Next we conducted the parallel analysis of mean RTs to spoken target words with vocabulary level as the between-subject factor. Whereas the effect of age group was not significant in the previous analysis, the main effect of vocabulary level on differences in RT was significant, F(3, 69) = 5.21, p < .01, reflecting a decrease in mean RT across the four vocabulary levels: fewer than 20 words (M = 1,207 msec; SE = 43), 21 to 99 words (M = 1,196 msec; SE = 26), 100 to 300 words (M = 1,082 msec; SE = 34), and more than 300 words (M = 990 msec, SE = 40). Post hoc tests showed that the difference in mean RT between the lowest and the highest vocabulary levels was significant, with no significant differences between the other groups.
When children were grouped by vocabulary level, the main effect of perceptual condition was also significant, F (2, 138) = 8.20, p < .0004, just as we found when children were grouped by age. To examine further the effects of stimulus integrity on RT, we conducted follow-up tests within each perceptual condition. One-way ANOVAs were conducted for each of the three conditions, first grouping the children by age and then by vocabulary level. We found significant effects for age group, F(3,69) = 5.82, p < .001, and vocabulary level, F(3,69) = 7.05, p < .0003, but only in children’s responses to unaltered speech. Post hoc tests showed that children significantly increased their response speed from the 15- to 18-month (or 20–99-word) group to the 24-plus-month (or 300-plus-word) group. The gradual decrease in RT from 15 to 18 months onward is consistent with earlier findings by Fernald et al. (1998) in children ranging from 15 to 24 months of age. Note that the absolute differences in mean RTs between our results and those reported by Fernald et al. (1998) can be explained by the fact that we used a button-press box in this study rather than coding frame-by-frame, thus adding the circa 300-msec response latency of the observer to children’s “raw” response times.
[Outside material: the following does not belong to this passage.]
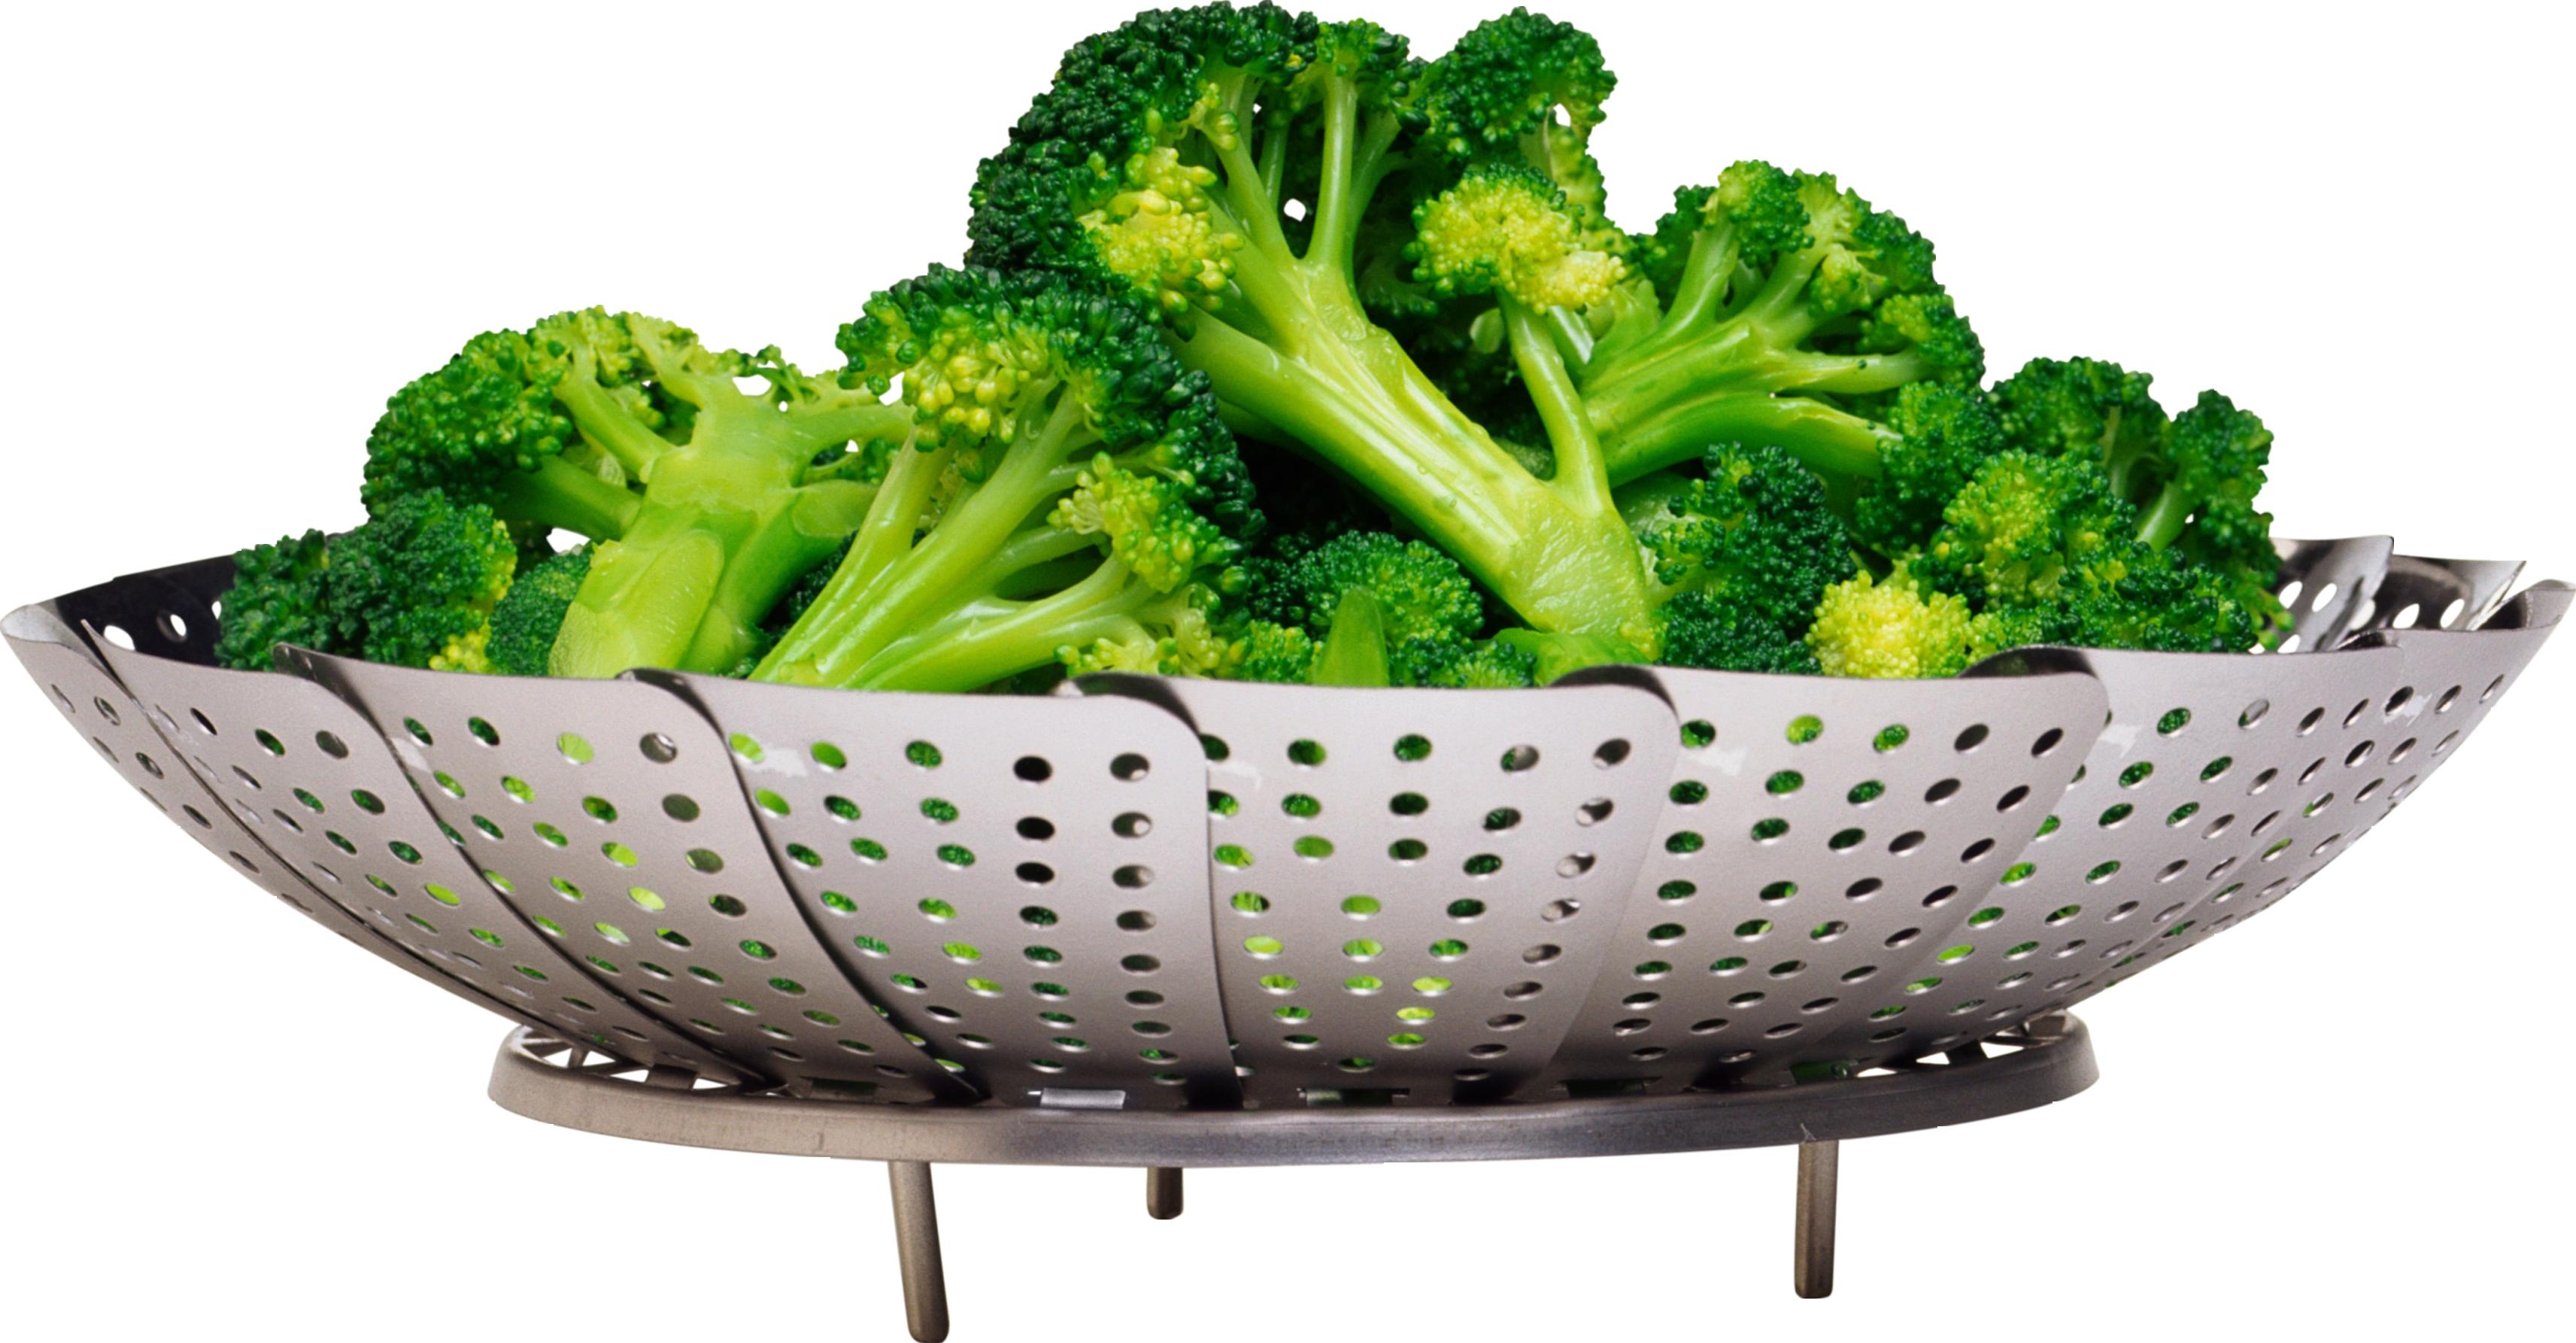 Lettuce clipart broccoli. Ten isolated stock photo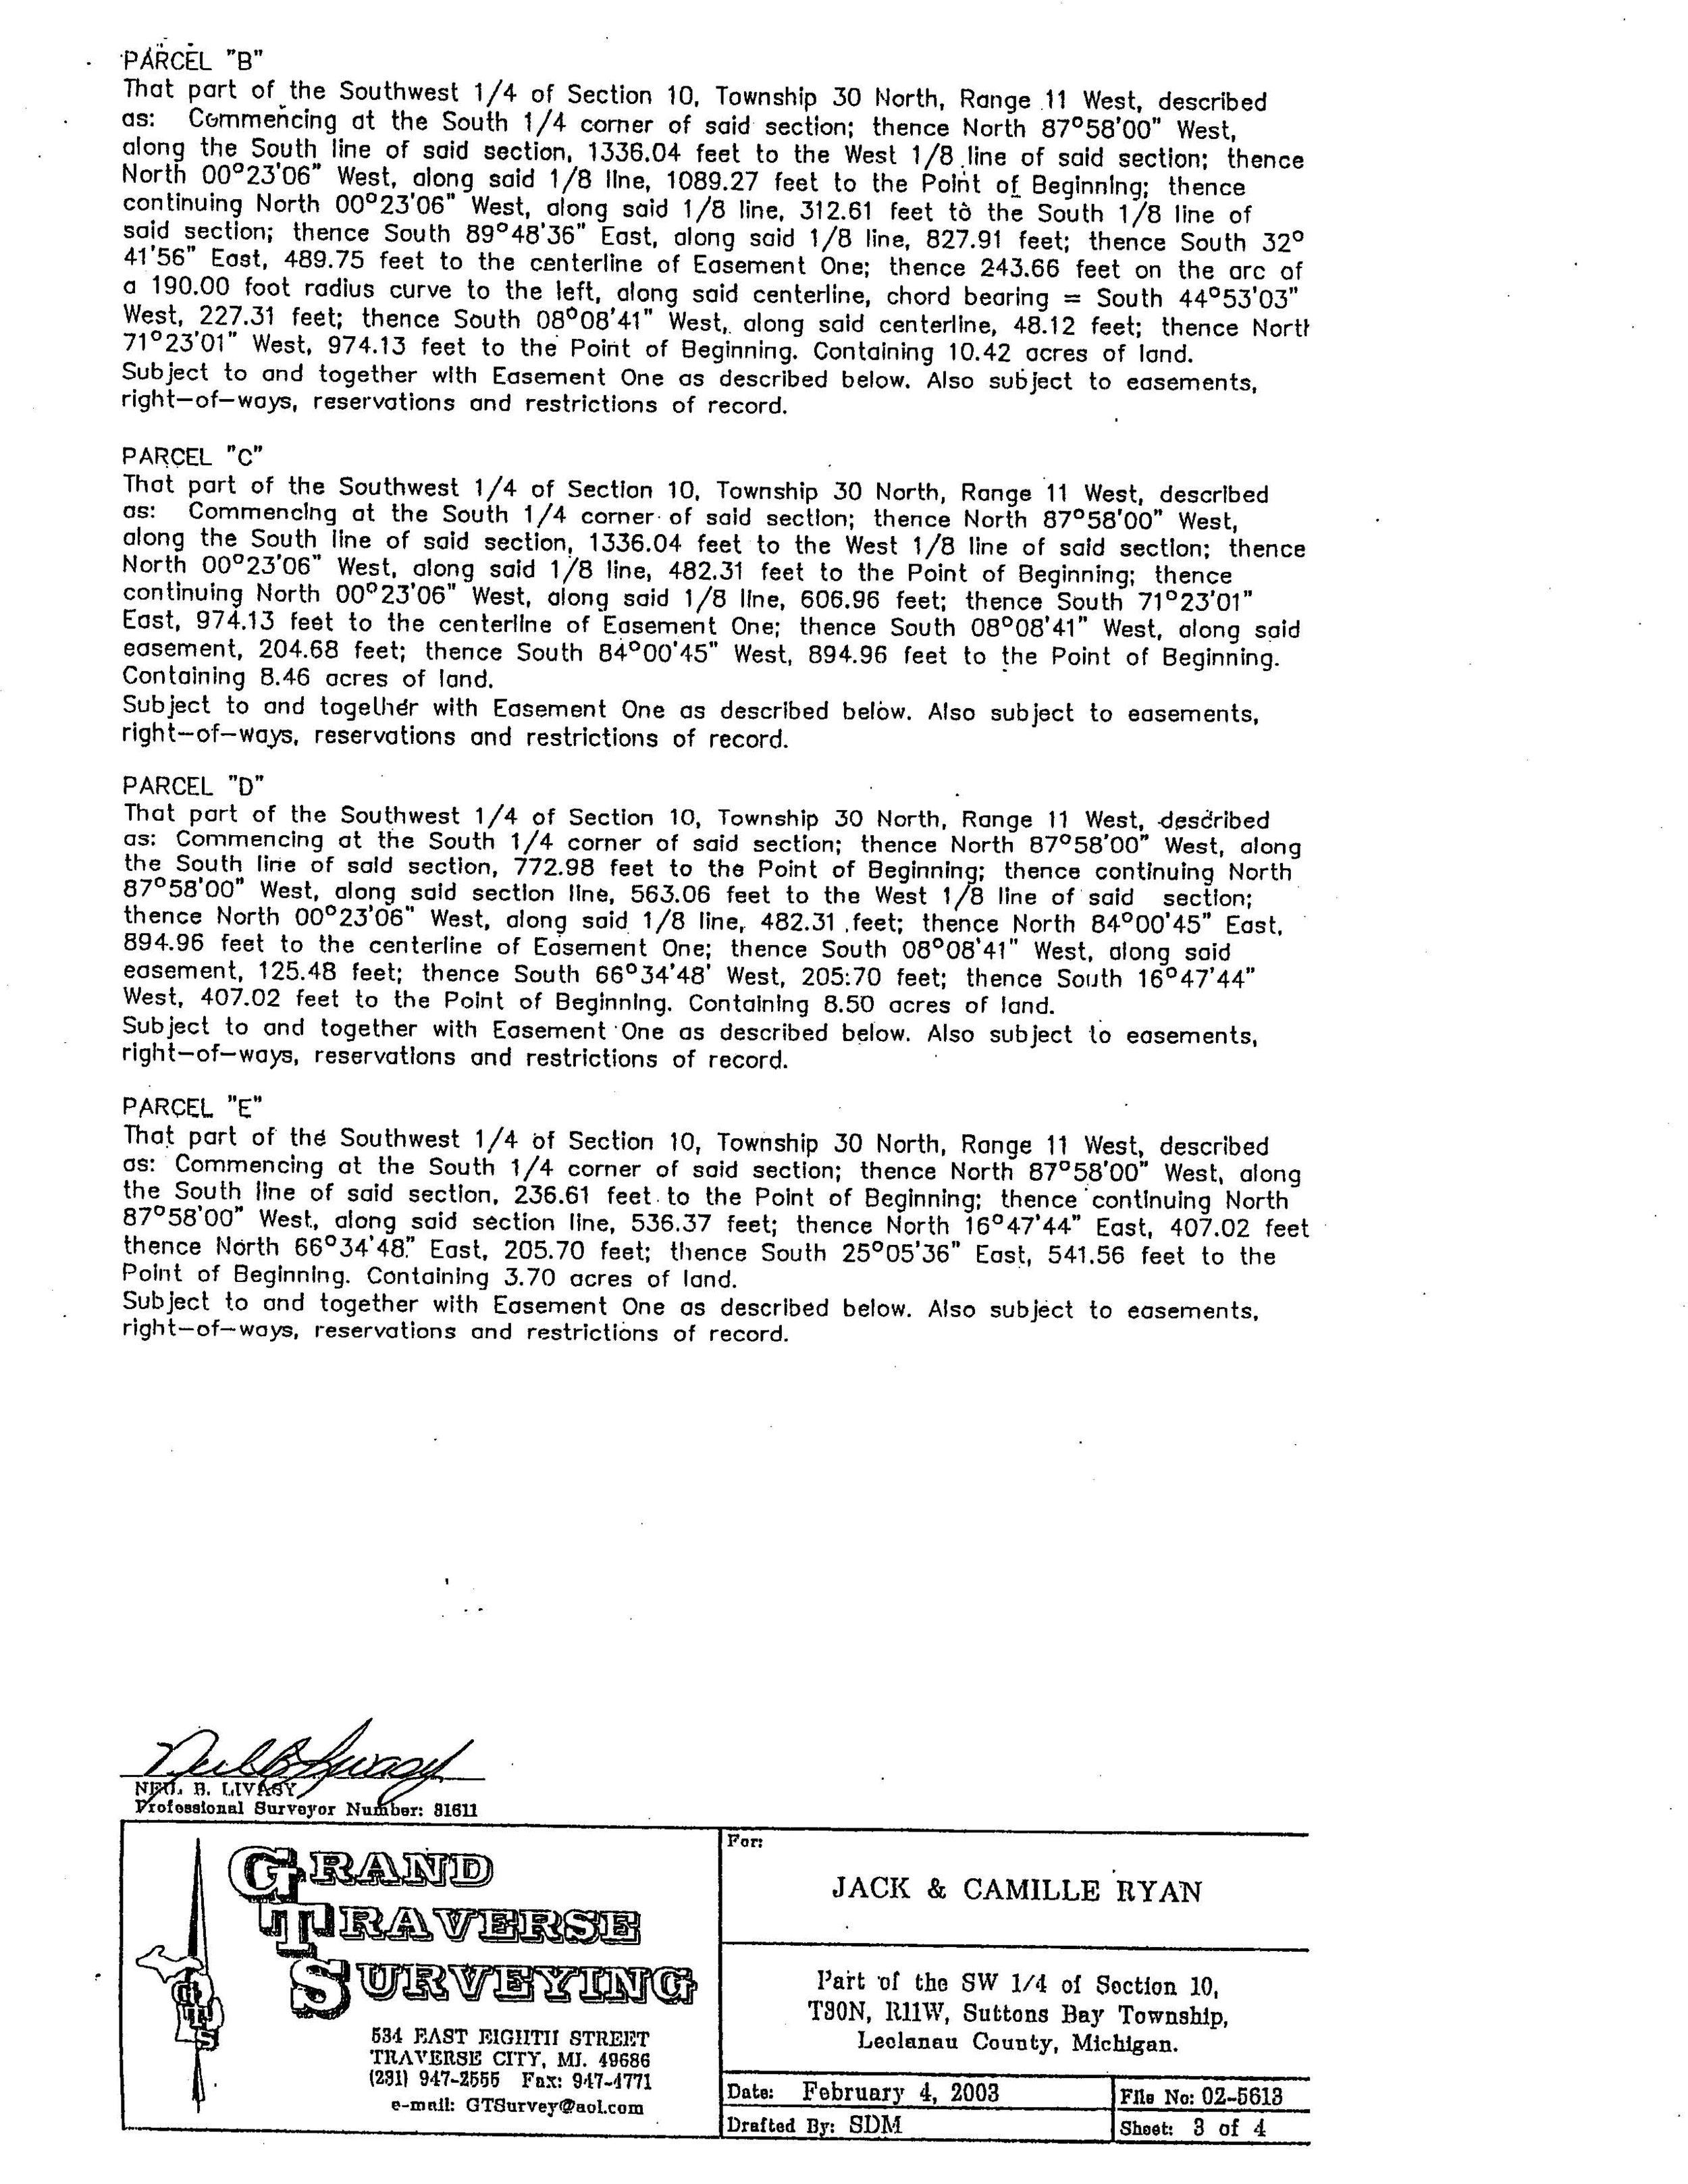 11635 E Belanger Woods Dr Marketing Packet - For Sale by Oltersdorf Realty LLC (13).jpg

Although the effects of age and vocabulary level were significant only for unaltered speech, there were marginally significant effects of vocabulary level for both compressed and low-pass-filtered speech, ps < .08. For compressed words, mean RTs dropped from 1,162 msec in the 21- to 99-word group to 945 msec in the 300-plus-word group. For filtered words as well, the effect of vocabulary level was marginally significant, reflecting a gradual decrease in RT with increasing vocabulary. Mean RTs dropped from 1,331 msec in children with fewer than 20 words to 1,087 msec in children with more than 300 words. The important point here is that vocabulary grouping had a reliable overall effect on RTs whereas age did not, although the most straightforward patterns of change related to either vocabulary size or age were found for unaltered speech.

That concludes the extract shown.